Information supplied

------------------------

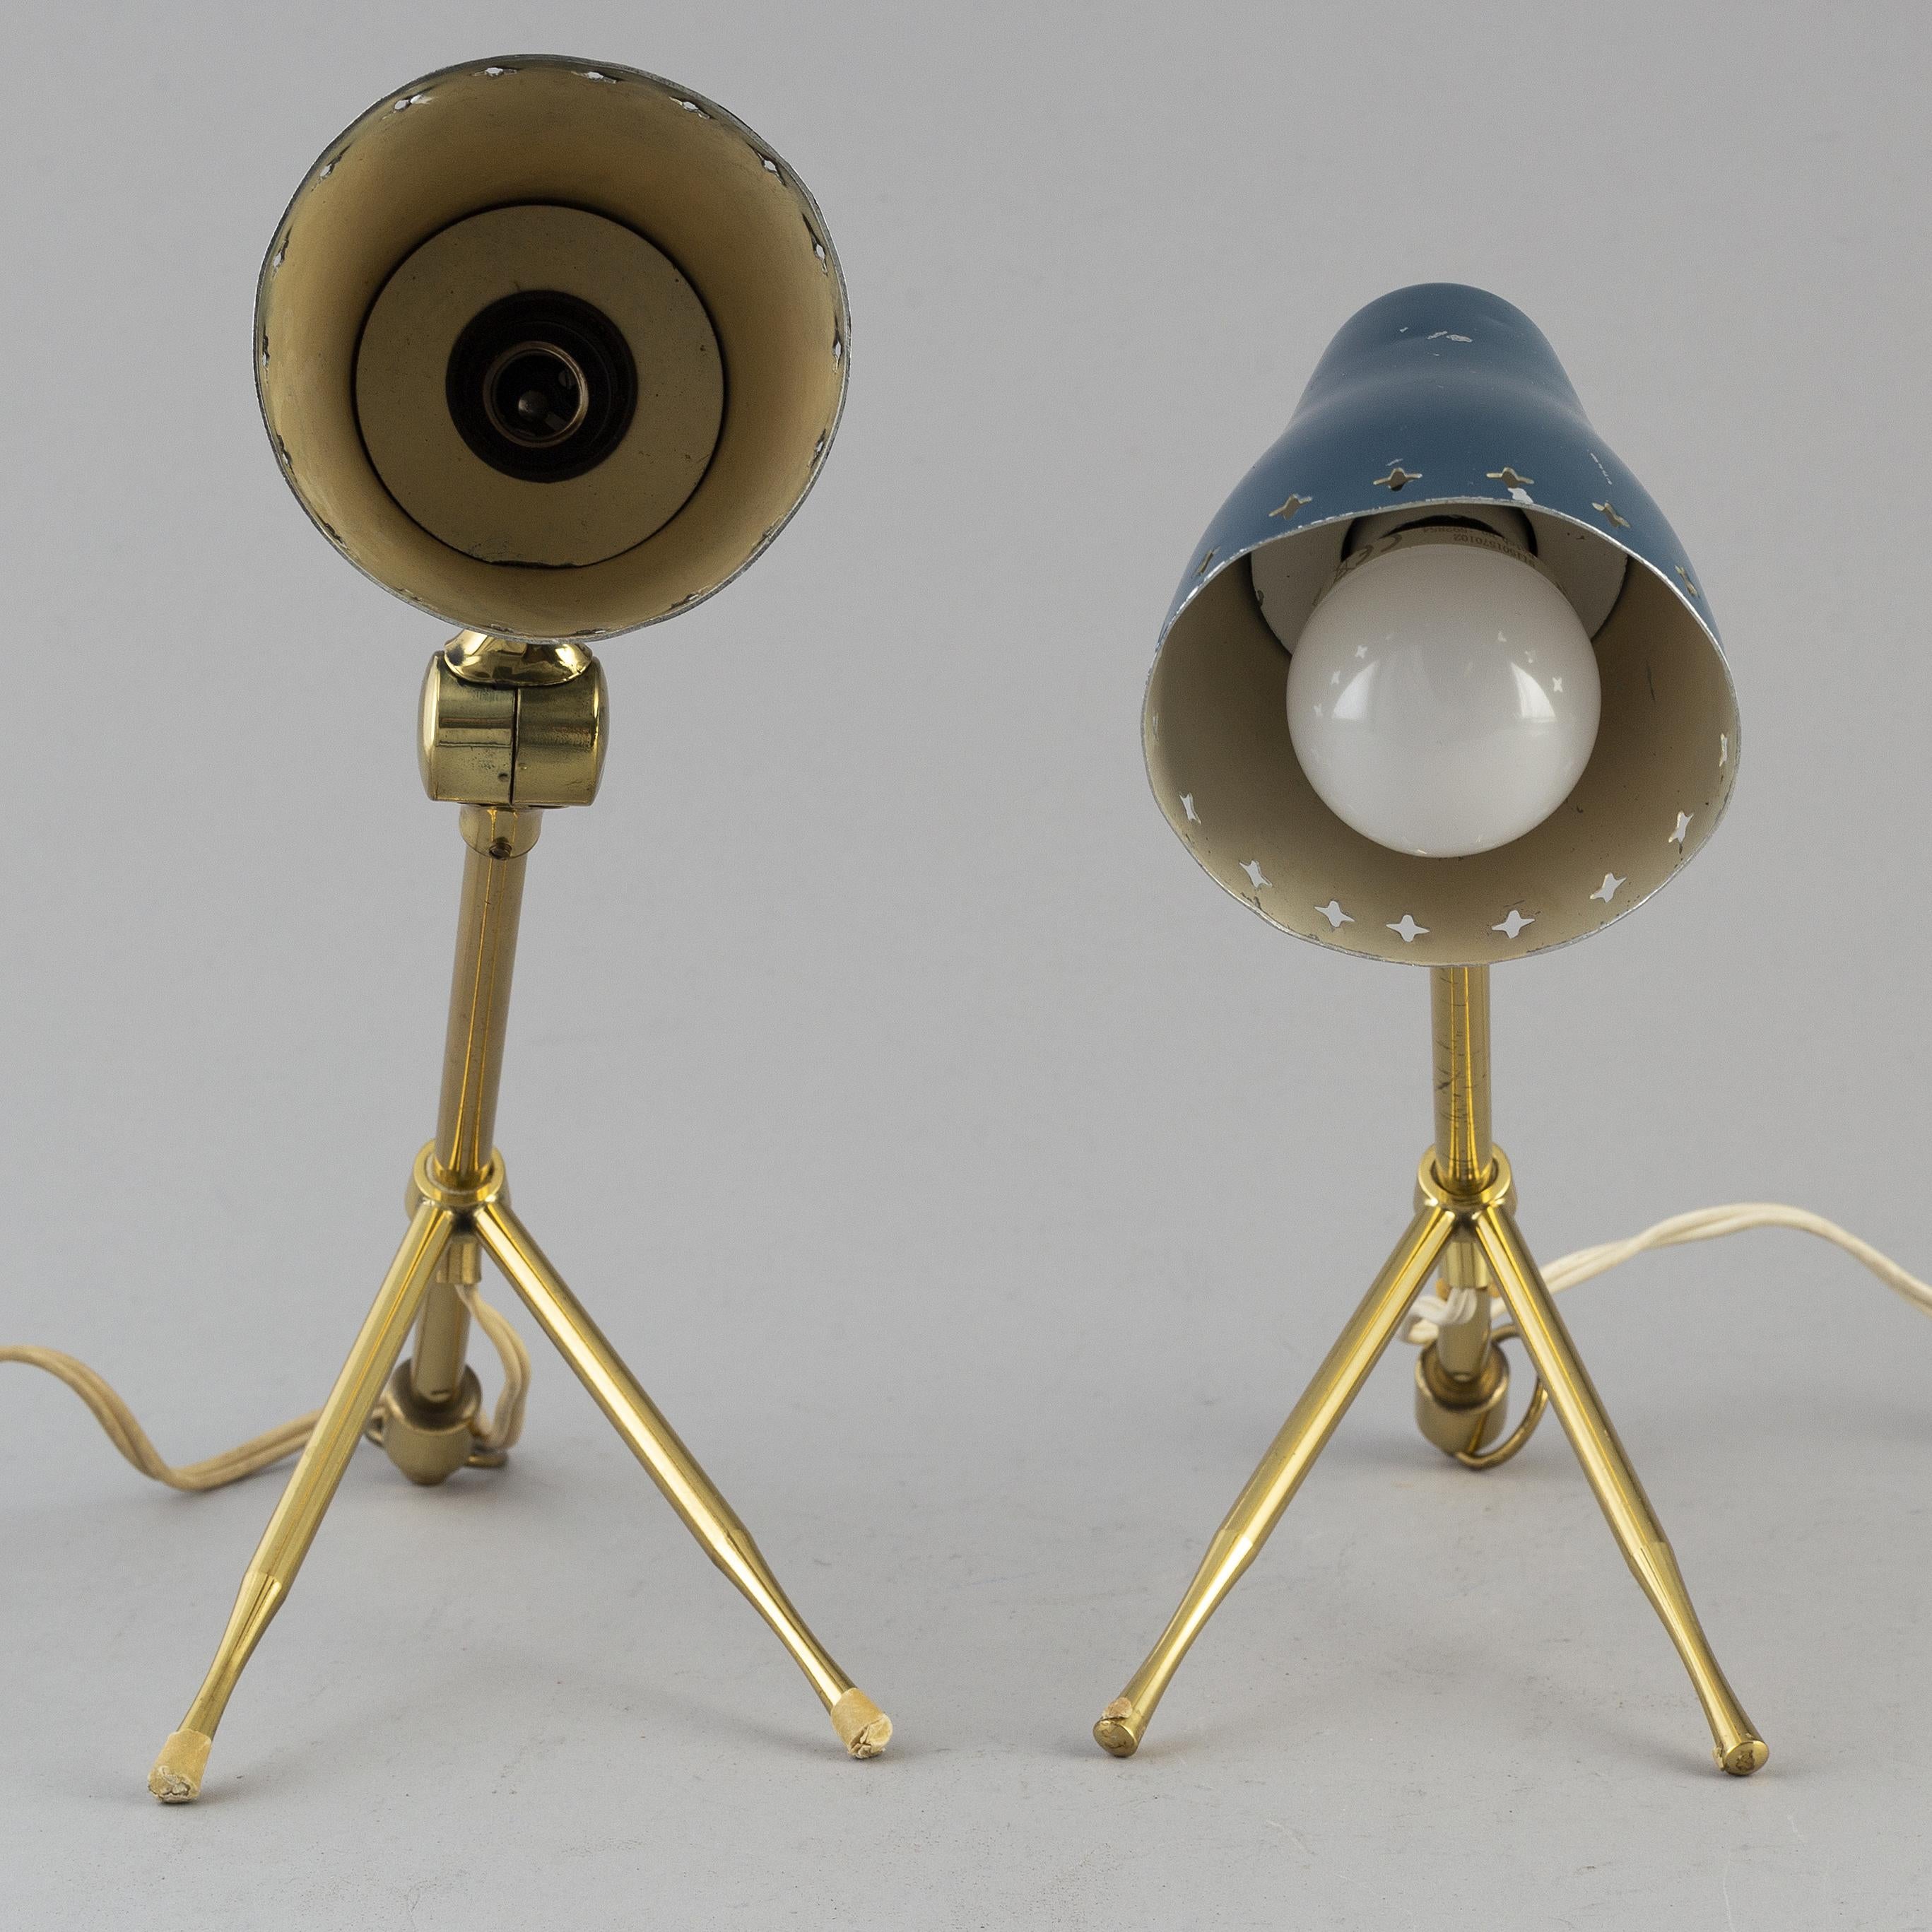 Boris Lacroix pair of table/wall lights
enameled hood with perforations, can be used as a table or wall lamp.
Size: Length 35 cm.

Electrical function not tested. Minor wear with some chipping as shown in images. Price per item.

     

------------------------

Your instructions
Each line from the one containing "enameled hood with" to the last line of the material above should be reproduced word for word, with nothing added.

Result below
enameled hood with perforations, can be used as a table or wall lamp.
Size: Length 35 cm.

Electrical function not tested. Minor wear with some chipping as shown in images. Price per item.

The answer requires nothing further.